- _Work item_:
Starting with the line that contains "Role Play Contest", copy each line exactly through the end of the listing, and omit all pictures.

- _Data excerpt_:
--------------------------------------------------

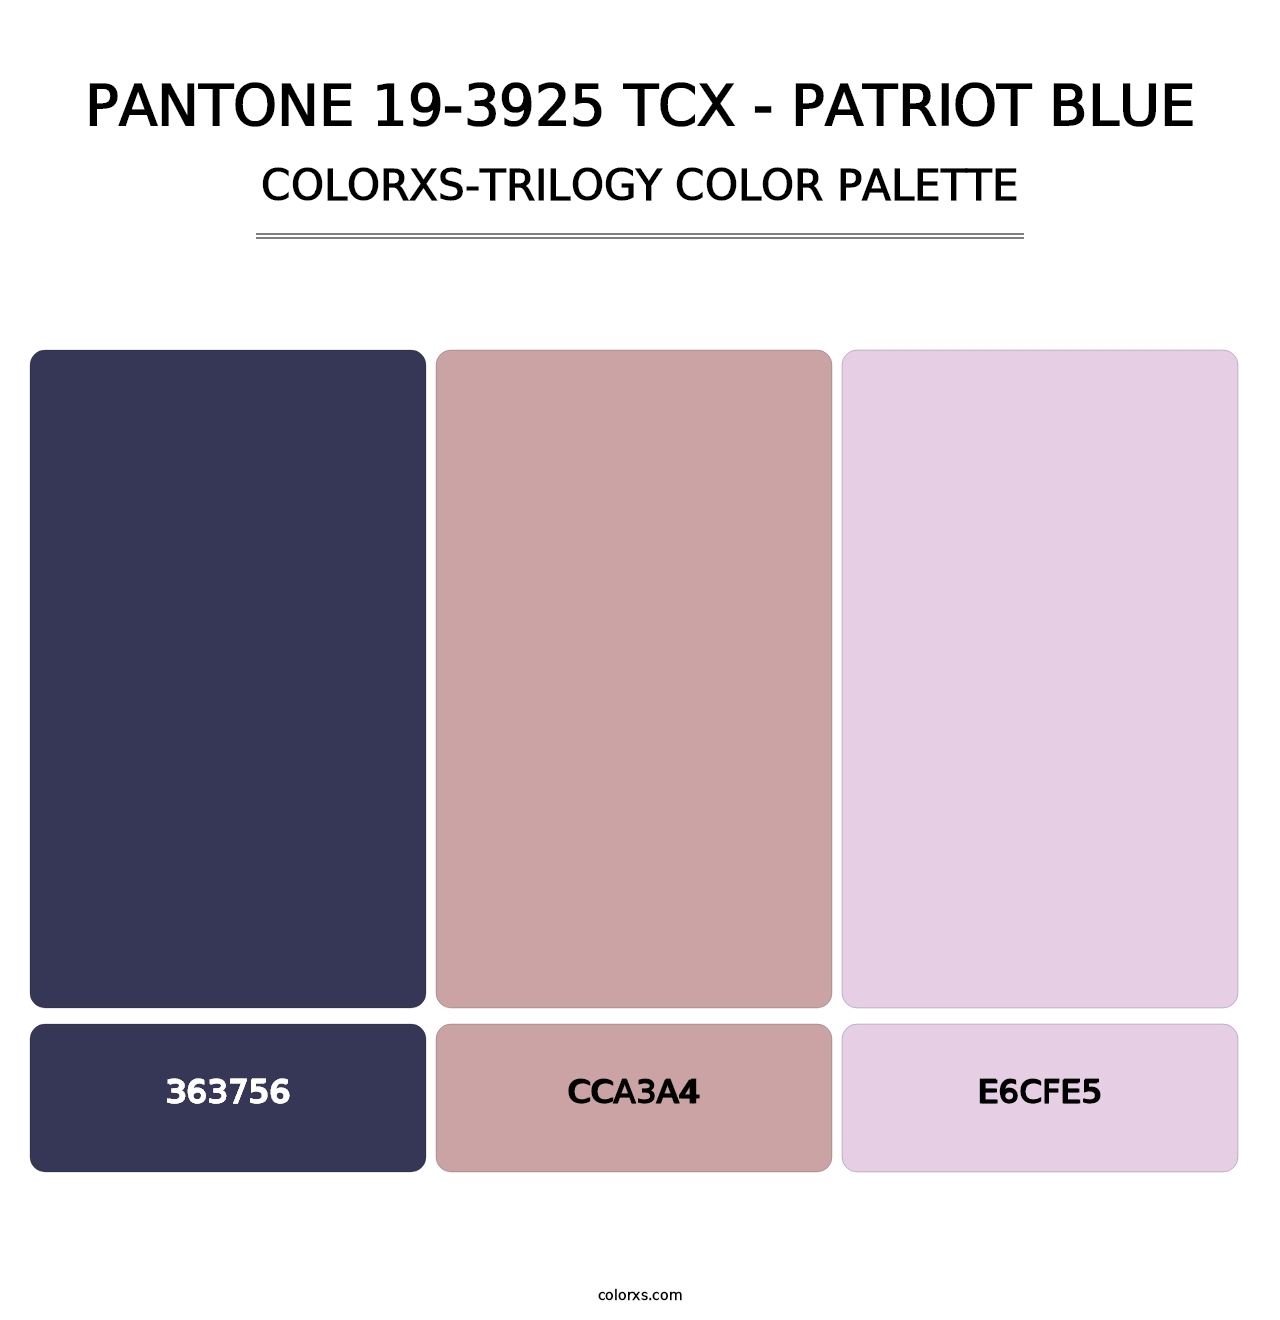 PANTONE 19-3925 TCX - Patriot Blue - Colorxs Trilogy Palette
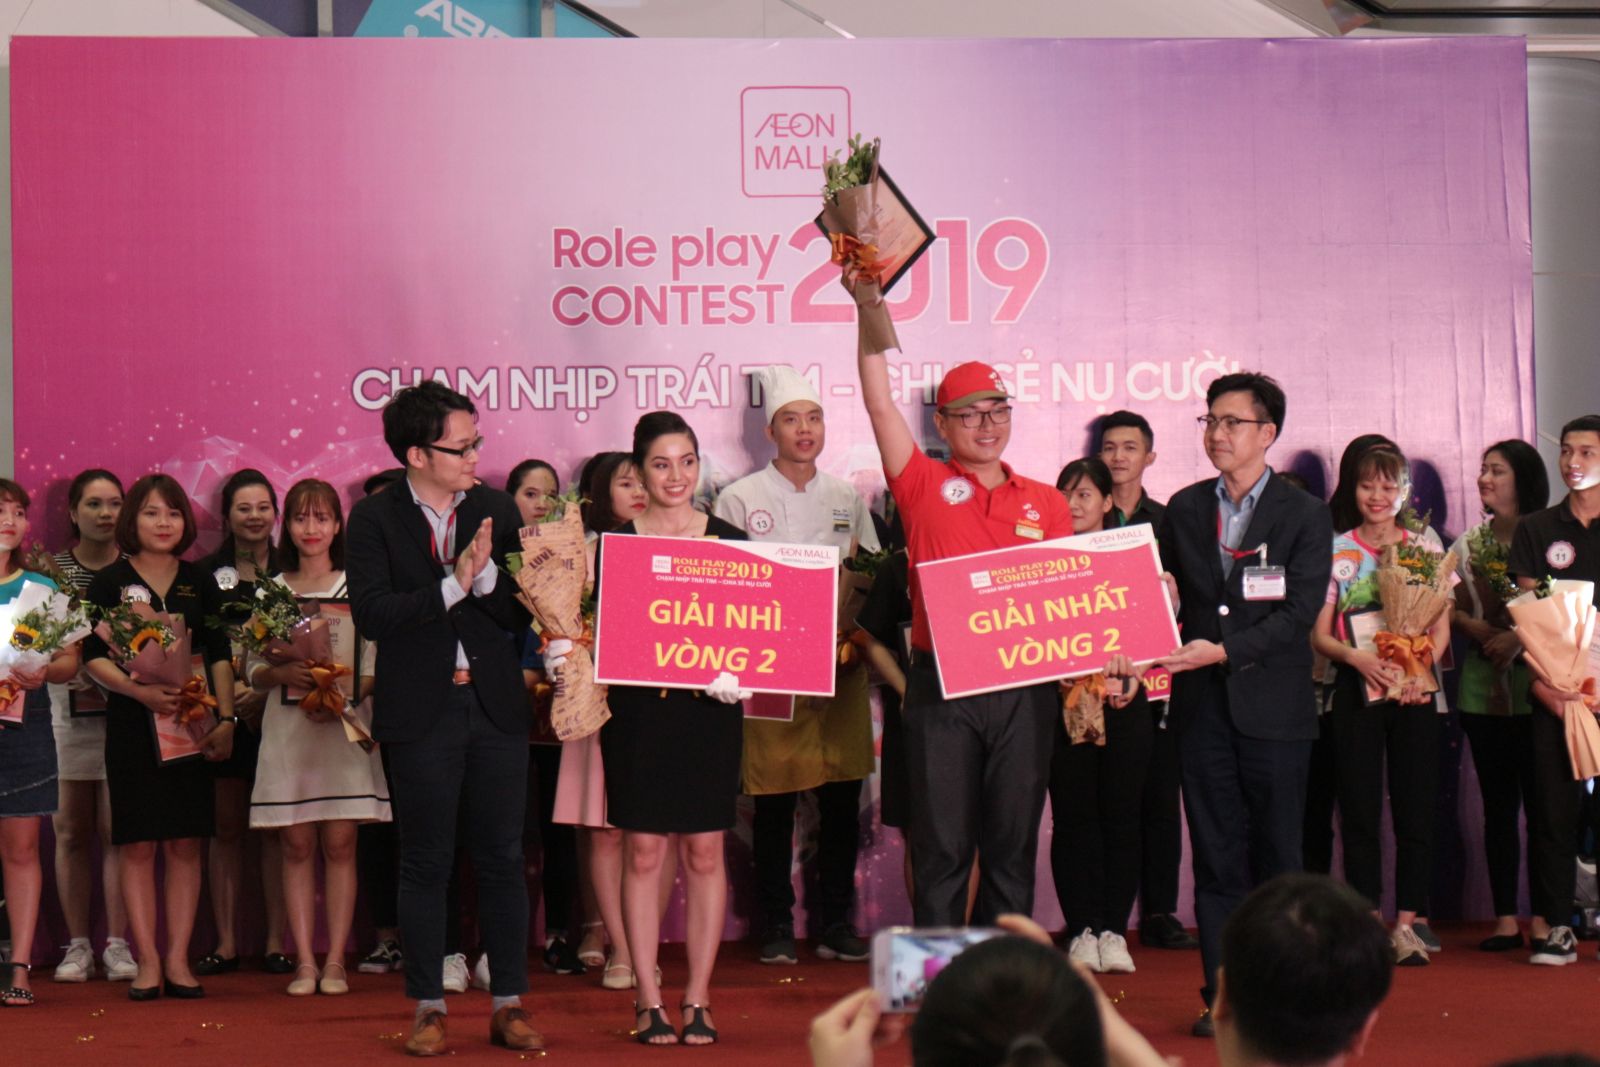 Role Play Contest 2019 – “Chạm Nhịp Tim – Chia Sẻ Nụ Cười” Cùng Aeon Mall Long Biên
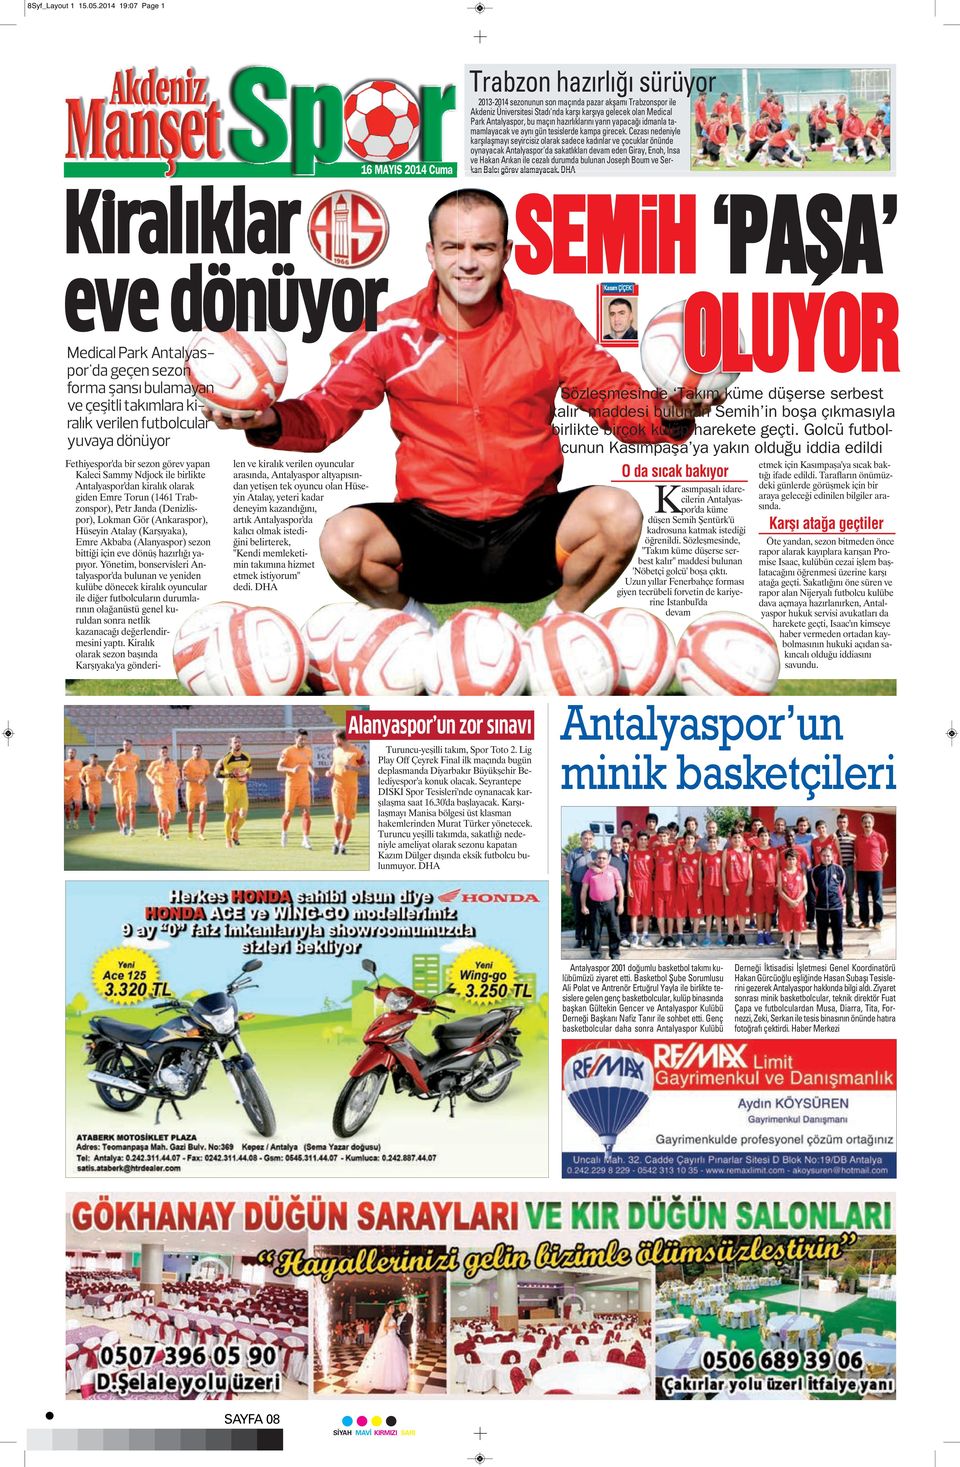 yuvaya dönüyor Fethiyespor'da bir sezon görev yapan Kaleci Sammy Ndjock ile birlikte Antalyaspor'dan kiralık olarak giden Emre Torun (1461 Trabzonspor), Petr Janda (Denizlispor), Lokman Gör

--------------------------------------------------

- _Completed exercise_:
 Role Play Contest 2019 – “Chạm Nhịp Tim – Chia Sẻ Nụ Cười” Cùng Aeon Mall Long Biên
 yuvaya dönüyor Fethiyespor'da bir sezon görev yapan Kaleci Sammy Ndjock ile birlikte Antalyaspor'dan kiralık olarak giden Emre Torun (1461 Trabzonspor), Petr Janda (Denizlispor), Lokman Gör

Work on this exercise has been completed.